L’idée n’est pas de tout basculer du jour au lendemain, mais de construire votre propre “business case” à la française, adapté à vos enjeux.

4. Intégrer ces gains dans votre transformation IA globale

Ce travail doit s’intégrer à une stratégie plus large d’IA dans le retail :

  • Pricing dynamique : adapter vos prix en fonction de la demande, des stocks et des concurrents.
  • Personnalisation des parcours : recommandations produits, landing pages personnalisées en fonction des campagnes.
  • Gestion prédictive des stocks : aligner les push média sur la capacité réelle à livrer en magasin ou en drive.

L’achat média optimisé par l’IA, via des solutions comme OpenPath, devient alors une brique cohérente de votre écosystème data et IA.


Pourquoi ce sujet est stratégique pour le retail français en 2026

Ce cas Auchan arrive à un moment clé : entre fin 2025 et 2026, les enseignes françaises vont devoir composer avec :

  • la généralisation de l’IA générative dans les moteurs de recherche
  • la montée du retail media comme nouveau centre de profit
  • une attention consommateur fragmentée entre TV connectée, réseaux sociaux, streaming

Dans ce contexte, chaque euro de publicité doit être justifié. Le message envoyé par Havas Media France en adoptant OpenPath est clair : puissance, qualité, transparence et responsabilité doivent aller ensemble.

Pour les acteurs du commerce de détail, l’enjeu dépasse la simple optimisation de coûts. Il s’agit de :

  • construire une publicité plus efficace, alignée sur la vraie attention
  • soutenir des éditeurs premium français qui investissent dans des contextes fiables
  • réduire l’empreinte carbone de leurs plans média, sans perdre en performance

Et, plus globalement, de replacer l’intelligence artificielle au cœur de la performance marketing, au même titre qu’en logistique ou en pricing.

La question n’est plus « Faut-il tester ce type de solution ? », mais plutôt : « Combien de temps pouvez-vous encore vous permettre de garder des chaînes programmatiques inefficaces ? »


Pour aller plus loin dans la série “IA et Retail”

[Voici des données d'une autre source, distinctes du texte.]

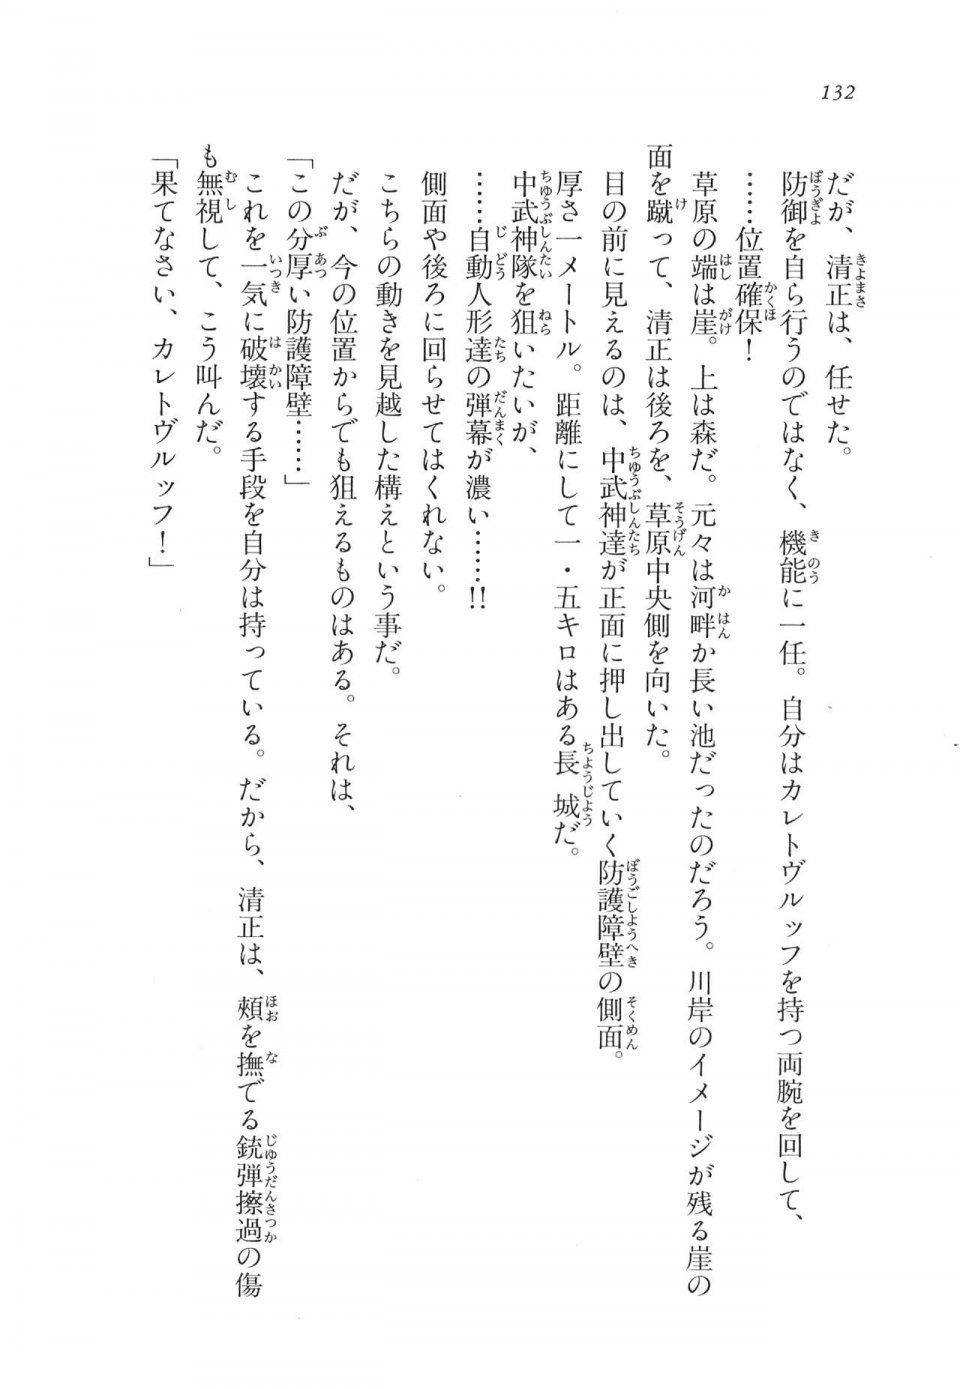 Kyoukai Senjou no Horizon LN Vol 11(5A) - Photo #132

Cet article s’inscrit dans notre série “L’Intelligence Artificielle dans le Commerce de Détail”, où l’on traite déjà :

  • de la personnalisation client grâce à l’IA
  • de la gestion prédictive des stocks
  • du pricing dynamique en grande distribution
  • de l’expérience omnicanale pilotée par la donnée

L’exemple OpenPath / Auchan montre comment ces logiques se prolongent naturellement dans la publicité digitale. Si vous travaillez pour une enseigne, une marque de grande conso ou une régie, le moment est idéal – à l’aube de 2026 – pour remettre vos chaînes programmatiques à plat et intégrer pleinement l’IA dans votre stratégie média.

La prochaine étape logique : relier ces optimisations média à vos indicateurs business (panier moyen, fréquence de visite, marge nette). C’est là que l’IA, la data et le retail commencent vraiment à parler le même langage.